19.Yüzyıl. Osmanlı. Sultan II.Abdülhamid Han (1876-1909) tuğralı, sah ve çeşnili. İstanbul işi, Ortodoks. Edirnekari üslubunda çok renk tempera boyalı çift kanat ahşap kasalı. Merkezinde “Meryem Ana ve Hz.İsa”, sağ panelde “St.Athanasius” ve “St.Micheal”, sol panelde ise “St. George” ve “St.Demetrius” tasvir edilmiş. Tasvirlerin üzeri zengin altın vermeyli tuğralı gümüş aplikelerle zenginleştirilmiş. Fevkalade kondisyonda. Yüksek kıymette ele geçmez müzelik şaheserdir.

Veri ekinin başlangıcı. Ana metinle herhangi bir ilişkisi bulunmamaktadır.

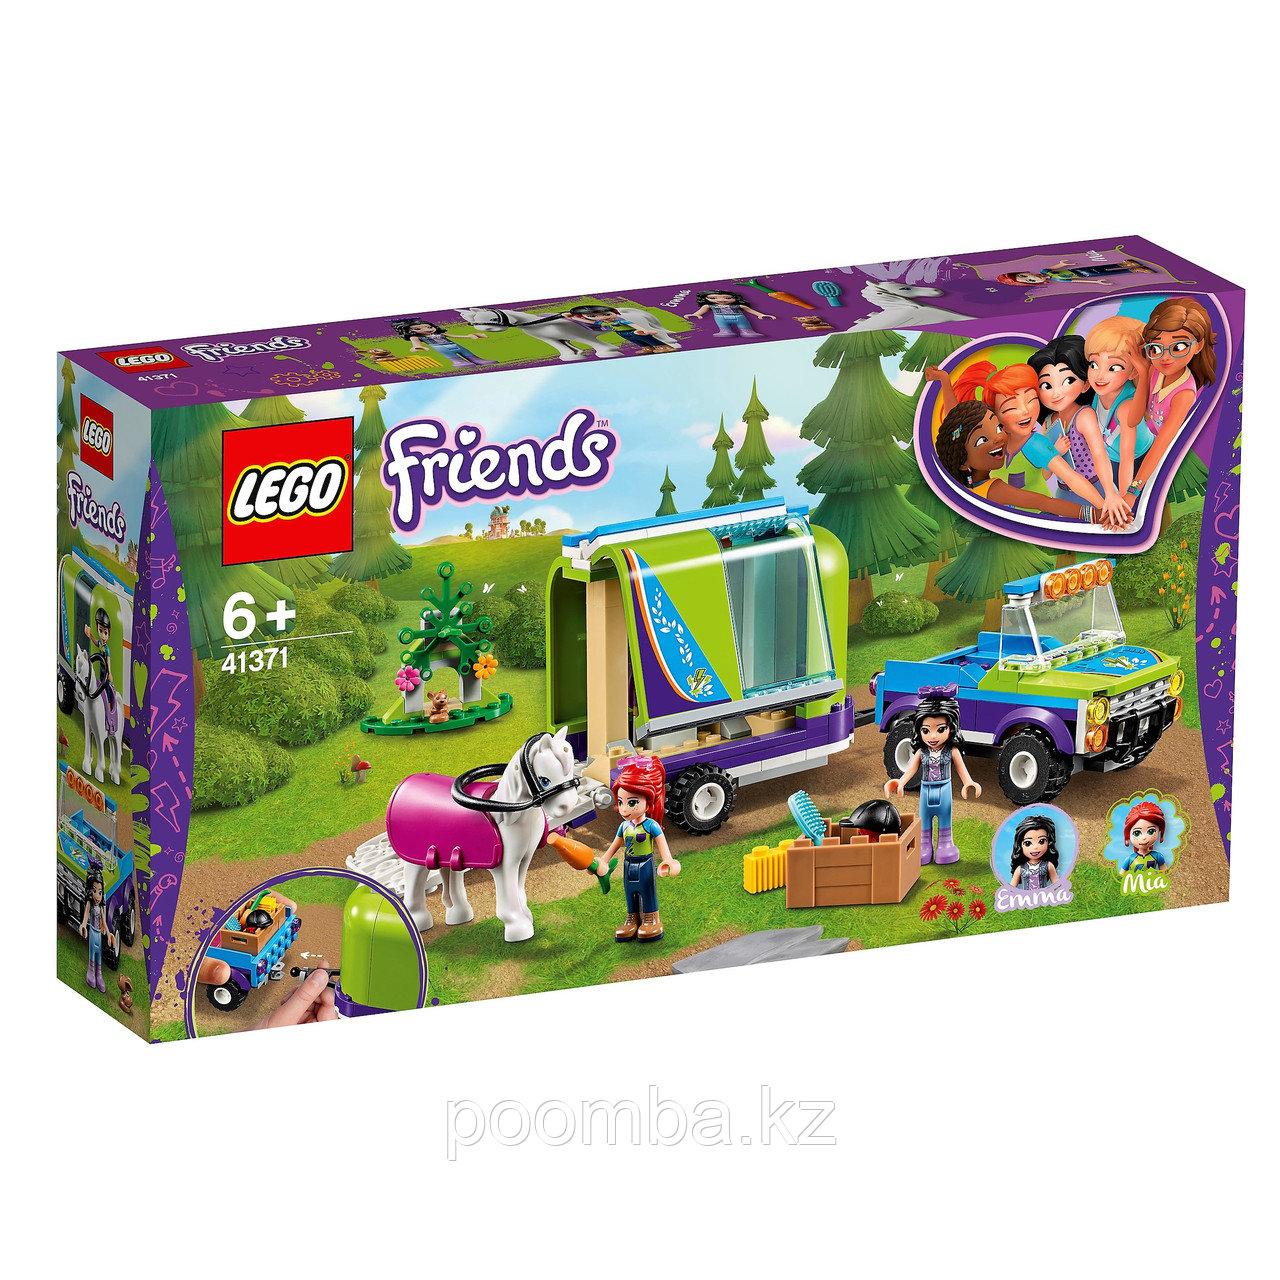 Конструктор Lego Friends Трейлер для лошадки Мии, Лего Подружки

Referans: Eserin damgası "Osmanlı Gümüş Damgaları / Garo Kürkman" kitabının 47.sayfasında yer almaktadır.

Yükseklik: 30 cm.
Kapalı Ölçü: 19 cm.
Açık Ölçü: 38 cm.

Evrensel olan; Hinduizm, Taoizm, Hıristiyanlık, Yahudilik ve İslâm gelenekleri arasında önemli farklılıklar vardır, ancak kendi içleri içerisinde sanatla aralarında sıkı bir ilişki bulunmaktadır. Tanrı kavramı imge, nesne ve binalarda (kilise, cami vs..) cisim bulur. İslam dininin soyut kutsallıklarından tamamen farklı olan Hristiyan dininin antropomorf efsaneleri ve tasarımları soyut tanrı düşüncesini ‘çarmıha gerilme heykelleri, ikonalar, haçlar, İsa resimleri’ gibi eserler ile bir gerçekliğe büründürür.

Din, asırlar boyunca iktidarın kalıcılaştırılmasının bir aracı olarak kullanılmıştır. Bu sebeple tarihsel olarak din yani kilise sanatın da en etkili patronu olmuş ve sanatın konusunu da asırlar boyunca kendi belirlemiştir. Dünya müzeleri ‘çarmıha gerilme, yeniden dirilme, Meryem Ana ve çocuk´ konularının düşünülebilecek her açıdan işlendiği İsa, Meryem ve aziz figürleriyle doludur. Bugün insanlığın en değerli sanat eserleri arasında saydığımız birçok eser (Michelangelo’nun Sistine Şapeli tavanı, Leonardo da Vinci´nin Son Akşam Yemeği tablosu vs..) kiliseye veya ona bağlılığını göstermek isteyen asil ve zenginler sayesindedir.

Sanatın dinle kesiştiği nokta anlaşılması zor, tanımlamaya, kurallara, doktrinlere direnen karakteridir. Din yaşama dair bir realite, sanat da bu realitenin irrealitesinin yansımasıdır.